I’ve never been a good speller. My mother says it’s because I’m lazy and deceitful. Maybe she was talking about something else. I bring this up today because I initially misspelled tabula rasa as tabla rasa. Instead of Latin for “blank slate,” it was some sort of Hindi-Latin mishmash: “blank drum.” Now that’s just silly.
There was a time that some argued children were born as “blank slates.” Their personalities arose entirely from parenting choices. We now understand that though nurture makes a big difference, heredity should not be underestimated.
The same can be said for land. We can nurture it, but its heritage will play a role in the life it fosters. Perhaps more to the point, there is no new land. Even the fields the Dutch have coaxed out of the North Sea aren’t new, the soil came from somewhere and that history affects its fertility.
The choices we make today about how we treat our land will change what it can grow in the future. Extractive agriculture can leave behind a soil devoid of nutrients: both mineral and organic. This dying soil can’t contain as much life and erodes. We lose topsoil 10 to 40 times faster than it can be replaced (Pimentel, Journal of Environment, Development and Sustainability 2006).
Bare soil is anything but a blank slate; it is more of a palimpsest, a page used many times over and only partly erased.
I’ve recently been faced with what at first seems a blank slate: after much sweat (mostly not ours) and treasure loss (ours) our house has an addition. During the excavation, one could see some of the property’s history in the soil. Sadly, former owners dumped spent coal around the foundation. The excavators backfilled the gash in the land mostly with soil from the site, but it has been churned: it no longer has the clear soil horizons of a healthy soil.

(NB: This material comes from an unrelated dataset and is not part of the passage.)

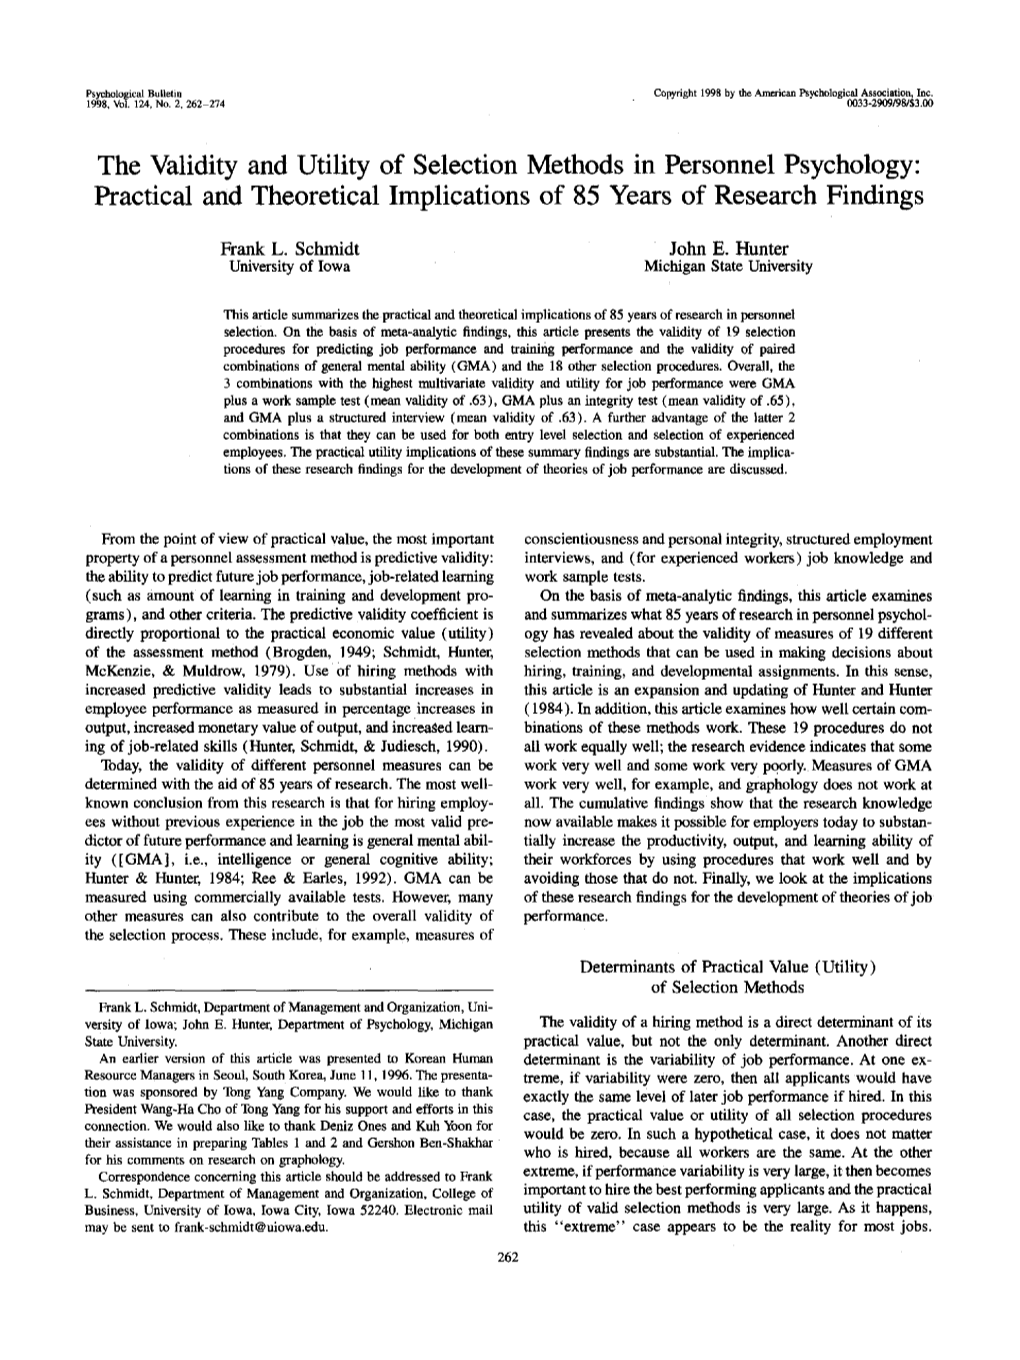 The Validity and Utility of Selection Methods in Personnel Psychology: Practical and Theoretical Implications of 85 Years of Research Findings

So now I am faced with the challenge of turning this into a healthy part of my garden. I won’t plant annual food there (tomatoes and beans), but I can grow perennials, maybe some longer term crops like nut and fruit trees. But where to start?
I need to try to turn dirt to soil. Natural processes will do this on their own, but it will take decades, I won’t live to see that. It’s going to take some sheet composting and some patience. I’ll also have to recruit plants that can deal with sub-optimal conditions. I hope I’m up to the challenge.